According to the University of Maryland investigators, "The results of the present experience with small-incision mitral valve surgery are at least equivalent, and perhaps superior to, results of conventional sternotomy-based (a full breastbone incision) mitral valve repair."



What the news means to you

By Sabat Hashim, MD

The follow-up period of the 187 patients who underwent small-incision mitral valve repair surgery is relatively short; nevertheless, the good results reflect the skills and expertise of the participating surgeons, who experienced a repair rate of 100 percent with zero mortality and very low complications.

To perform small incision of any kind requires a mastery of the repair techniques including adjustments to novel instruments and alternative ways to bypass and protect the heart.

It appears the authors have mastered both. Given these excellent results and the prerequisite to attain them, however, one should not assume that duplicating them in any center is possible.

Mitral valve repair is technically more difficult than replacement, and operative success is dependent on the skill of the cardiovascular surgeon. Repair involves a lengthier and more complex surgery and requires the dedication of a committed and extremely proficient surgical team. At a comprehensive heart center like Yale-New Haven, this procedure is performed with a high degree of success and low operative risk.

When Yale-New Haven began performing mitral valve repair in 1984, it became the first center in Connecticut and one of a few in the country to introduce this cutting-edge procedure.

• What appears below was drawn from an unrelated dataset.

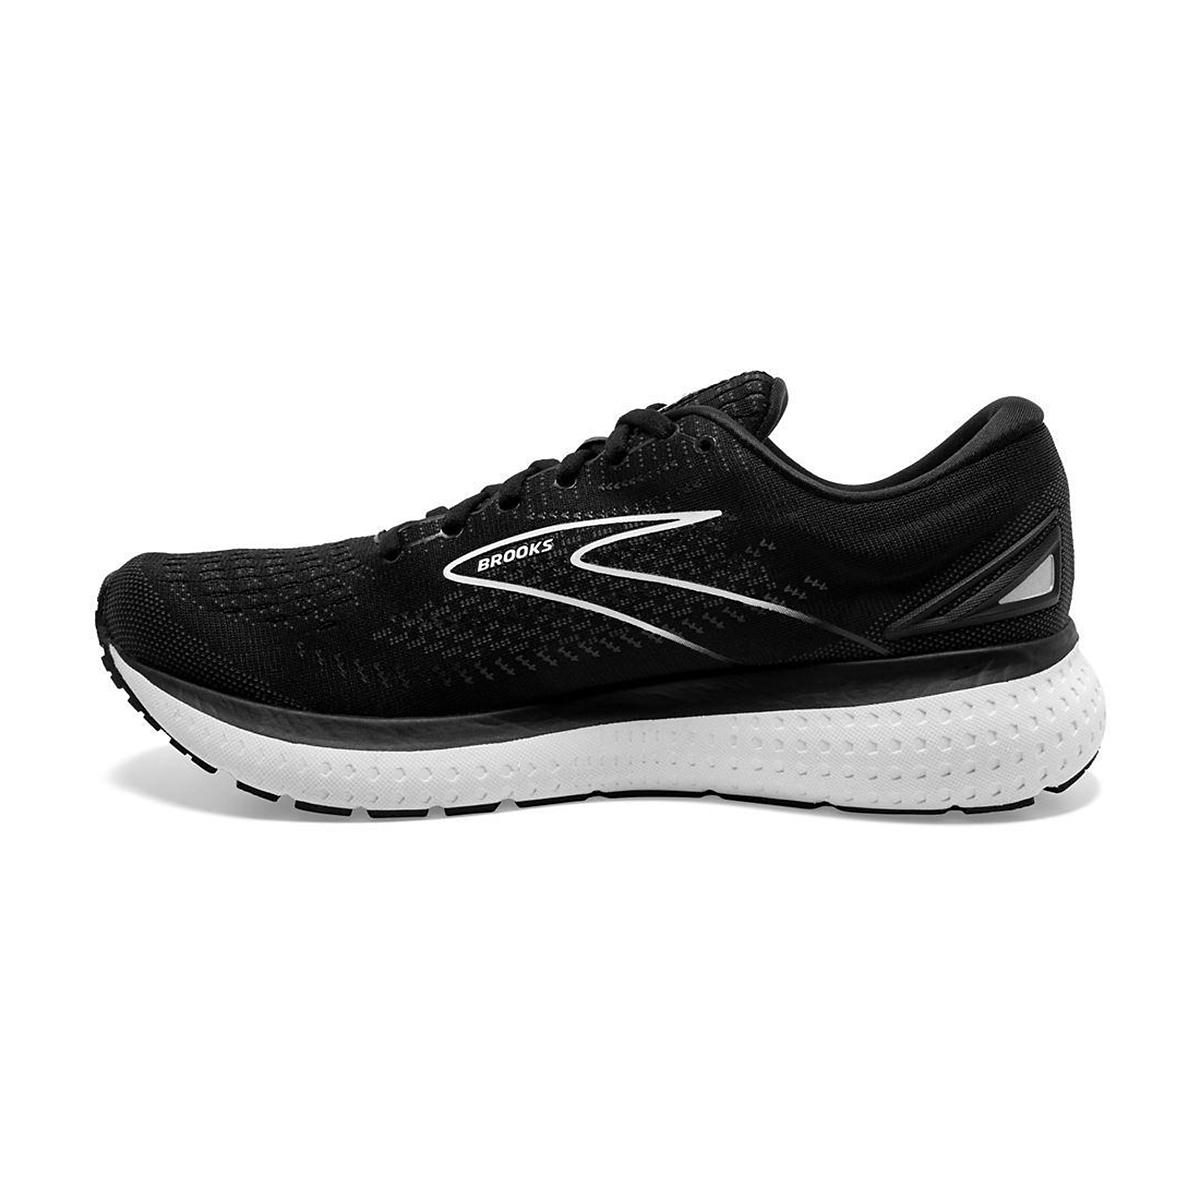 Women's Brooks Glycerin 19 Running Shoe - Color: Black/White - Size: 5 - Width: Regular, Black/White, large, image 2

The repair — which may involve the removal or reconstruction of valve leaflets, or implantation of an annuloplasty ring to reinforce the frame of the valve — is the preferred choice in many cases because the patient's own tissue is preserved during the procedure. The only artificial materials present in some cases are the annuloplasty ring and possible artifical Gore-tex Chordae that is used in the repair, which become covered by the patient's own tissue. In about three to six months, there is no prosthetic material exposed to the blood.

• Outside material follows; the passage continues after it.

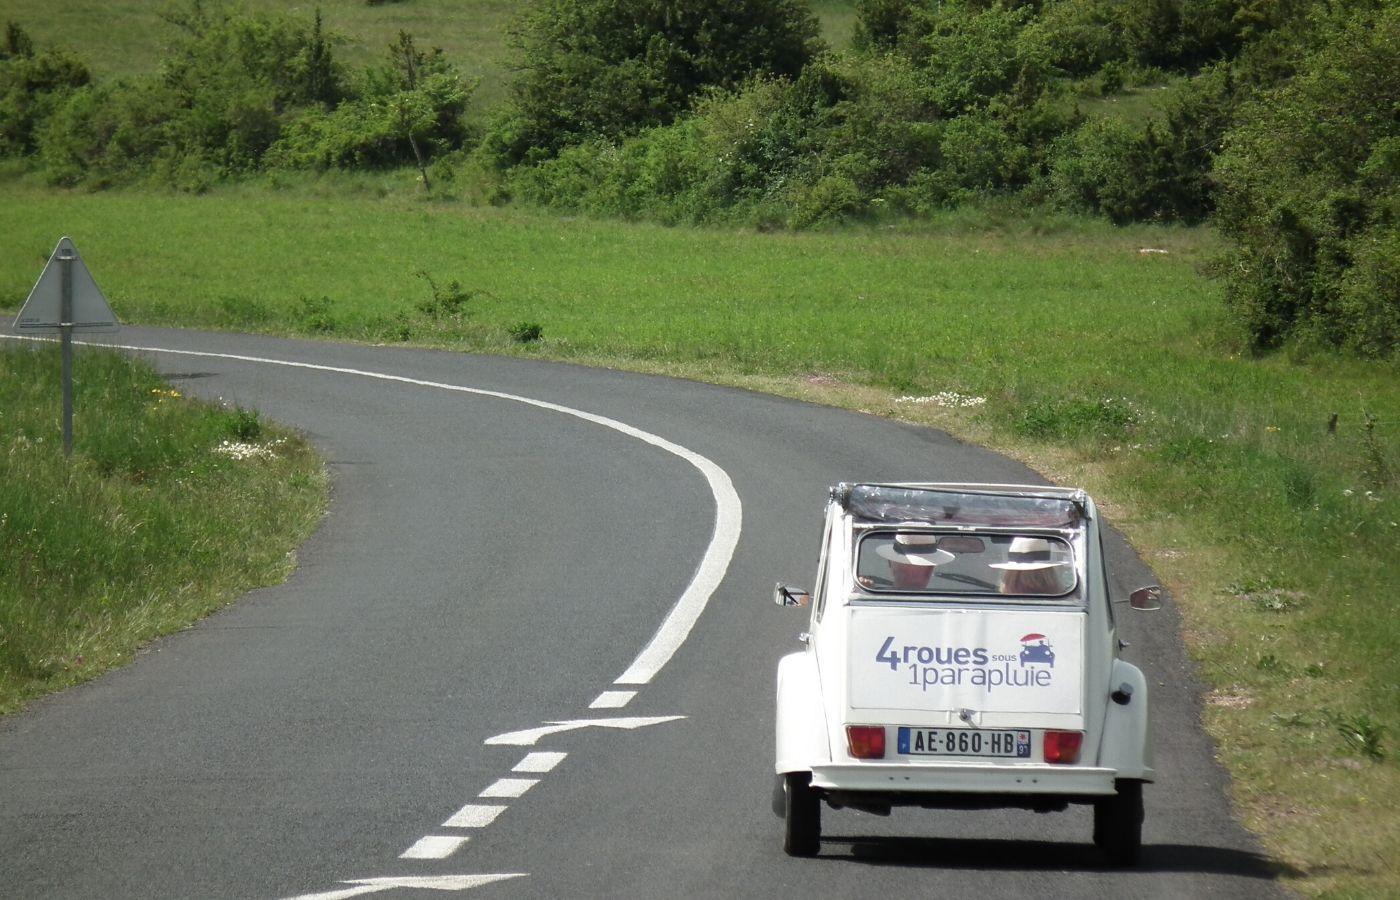 Rallye 2CV - Normandie - 4 roues sous 1 parapluie

In 1995, Yale-New Haven surgeons introduced the minimally invasive small-incision technique for mitral valve repair with excellent results and a zero percent mortality. Using a different incision through the lower breast bone, the whole operation is conducted through a 2- to 3-inch incision using a window through the lower sternum of the structure of the thoracic chest. This minimally invasive procedure does not disrupt the ribs or upper sternum and offers patients a more discreet scar versus the traditional incision of the midline. Post-operative discomfort is reduced and patients can drive a week after discharge, instead of the usual 2-3 weeks.

Mitral valve repair is the best option for all patients with a leaking (regurgitate) mitral valve, also known as Barlow's or floppy valve syndrome. Although valve replacement is sometimes considered in lieu of repair, mitral valve repair provides better long-term survival, better preservation of heart function, lower risk of complications, and usually avoids the need for long-term use of blood thinners. Despite the benefits of repair over replacement, only about 55 percent of mitral valves nationwide are repaired. At Yale-New Haven Hospital, our surgical team has the skill and experience to carefully consider all options and implement the most appropriate treatment to our patients.

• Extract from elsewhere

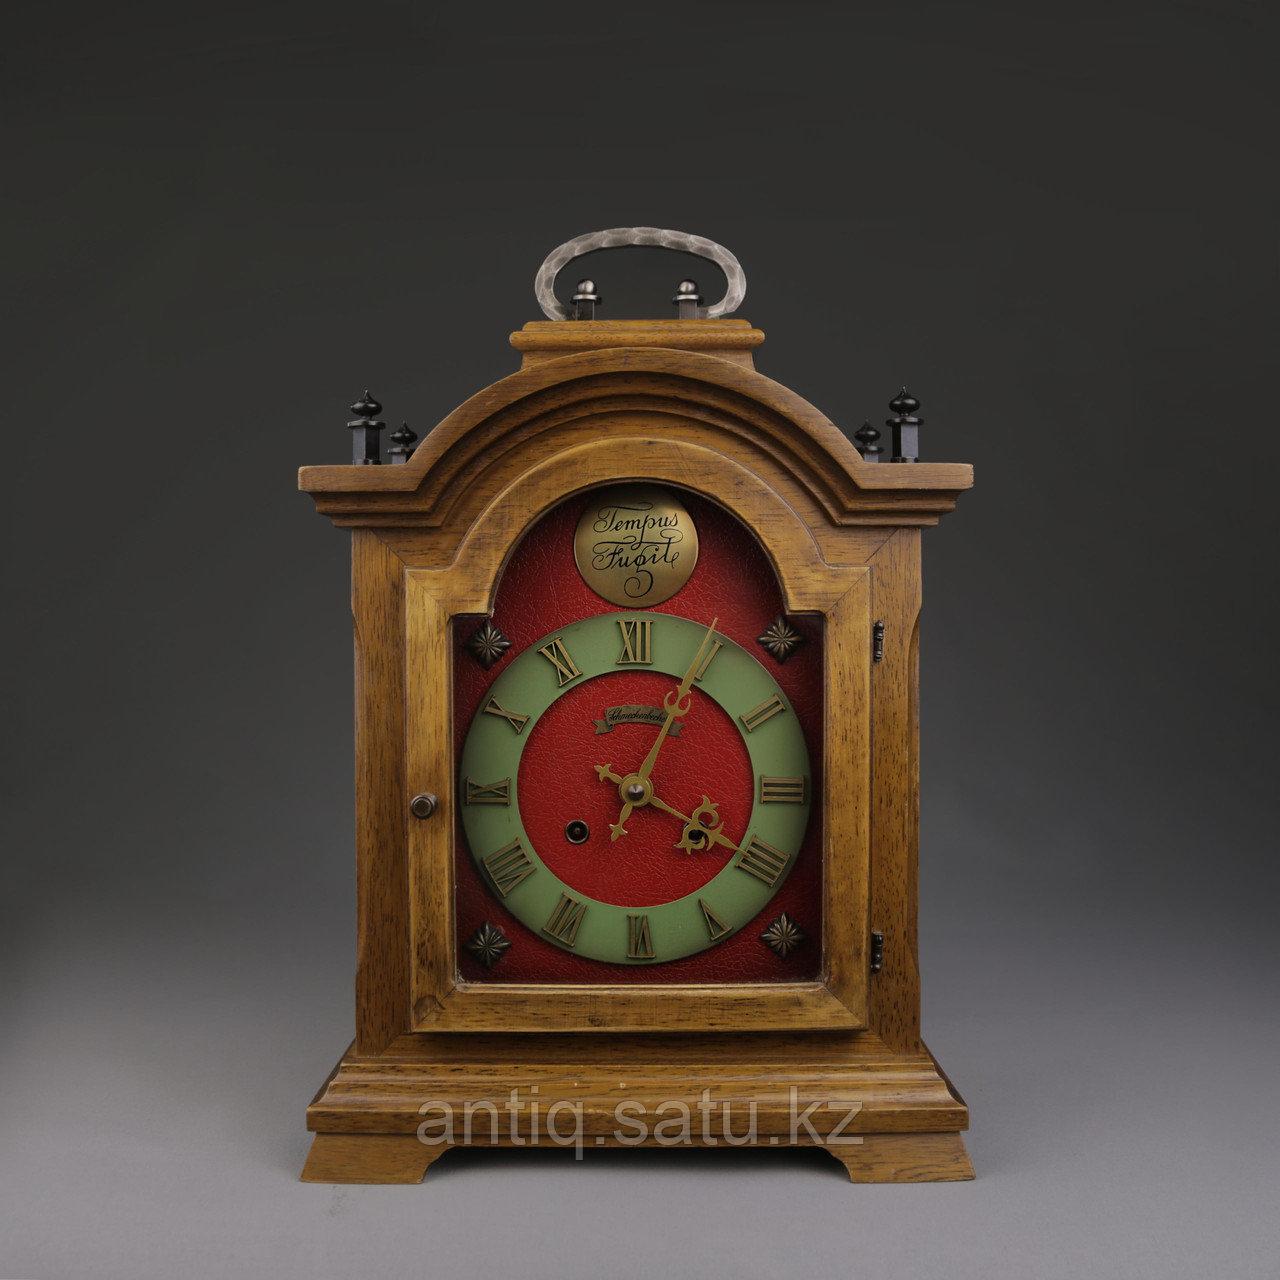 Настольные часы. Часовая мастерская Emil Schmeckenbecher - фото 1

We applaud this study, the first of its kind that shows the esthetic benefits of a mini incision for mitral valve repair. Without compromising on the distinctive advantages of the operation, of course, longer evaluation is necessary to ascertain that those repairs are as durable as those made with the standard incision.

Dr. Hashim is the Director of the Mitral Valve Repair Center at Yale-New Haven Hospital and associate professor of cardiothoracic surgery at Yale School of Medicine.